Fundamental Principles

The primary goals of very low defect rate and very high resilience to change are realized in CbyC by two fundamental principles: to make it difficult to introduce errors in the first place, and to detect and remove any errors that do occur as early as possible after introduction.

The key to implementing these principles is to introduce sufficient precision at each step of the software development to enable reasoning about the correctness of that step – reasoning in the sense that an argument for correctness can be established either by review or using tool support. The aim is to demonstrate or argue the software correctness in terms of the manner in which it has been produced (by construction) rather than just by observing operational behavior.

It is the use of precision that differentiates approaches such as CbyC from others in common use. Typically, software development approaches endure a lack of precision that makes it very easy to introduce errors, and very hard to find those errors early. Evidence for this may be found in the common tendency for development life cycles to migrate to an oftenrepeating code-test-debug phase, which can lead to severe cost and timescale overruns.

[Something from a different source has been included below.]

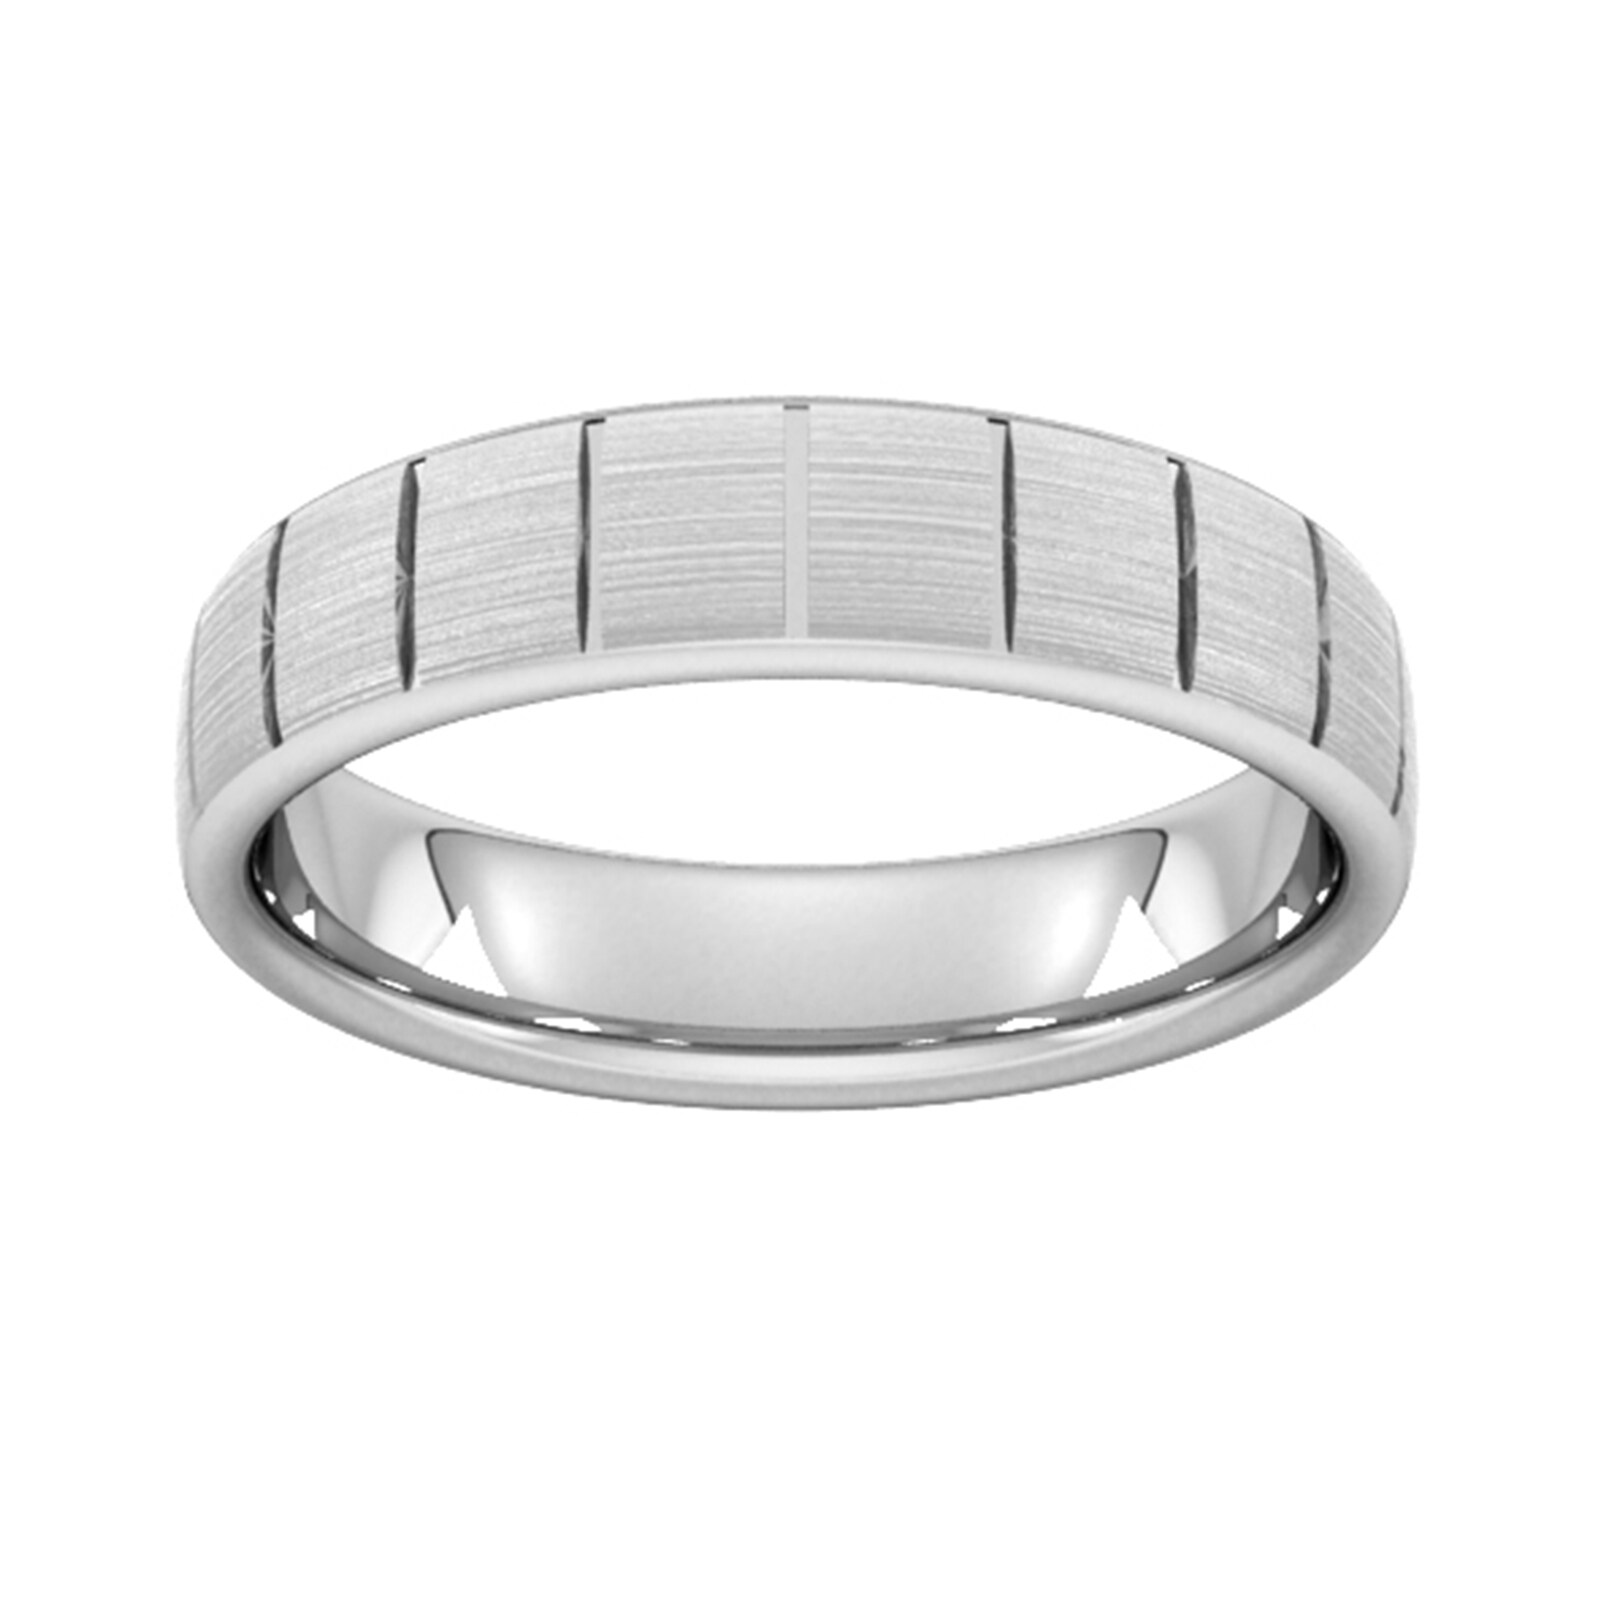 4mm D Shape Heavy Vertical Lines Wedding Ring In 9 Carat White Gold - Ring Size R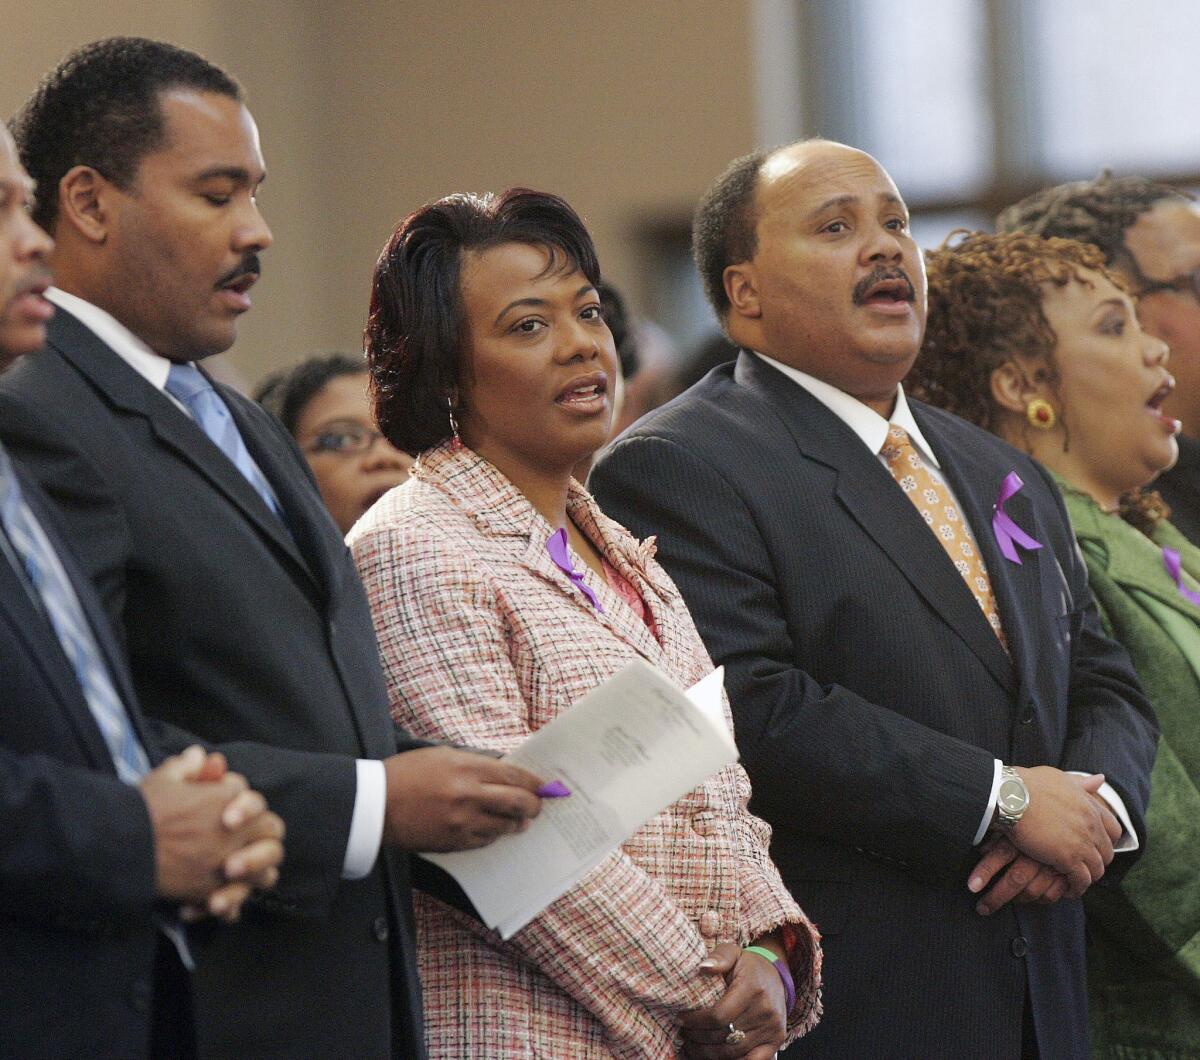 Dexter King, left, Bernice King and Martin Luther King III, shown at a 2006 tribute to their mother, Coretta Scott King, are now in a court dispute over the Bible and Nobel Peace Prize belonging to their father, Martin Luther King Jr.

Conversely, the rigor and precision of the CbyC approach means that the requirements are more likely to be correct, the system is more likely to be the correct system to meet the requirements, the implementation is more likely to be defect-free, and upgrades are more likely to retain the original correctness properties.

Achieving the Fundamental Principles

The principles of making it difficult to introduce defects and making it easy to detect and remove errors early are achieved by a combination of the following six strategies:

  • Using a sound, formal notation for all deliverables. For example, using Z for writing specifications so it is impossible to be ambiguous, or using SPARK to write the code so it is impossible to introduce errors such as buffer overflows.
  • Using strong, tool-supported methods to validate each deliverable. For example, carrying out proofs of formal specifications and static analysis of code. This is only possible where formal notations are used (strategy No. 1).
  • Carrying out small steps and validating the deliverable from each step. For example, developing a software specification as an elaboration of the user requirements, and checking that it is correct before writing code. For example, building the system in small increments and checking that each increment behaves correctly.
  • Saying things only once. For example, by producing a software specification that says what the software will do and a design that says how it will be structured. The design does not repeat any information in the specification, and the two can be produced in parallel.
  • Designing software that is easy to validate. For example, writing simple code that directly reflects the specification, and testing it using tests derived systematically from that specification.
  • Doing the hard things first. For example, by producing early prototypes to test out difficult design issues or key user interfaces.

These six principles are not in themselves difficult to apply, and may even appear obvious. However, in the authors’ experience, many software development projects fail to deliver against many, if any, of these principles.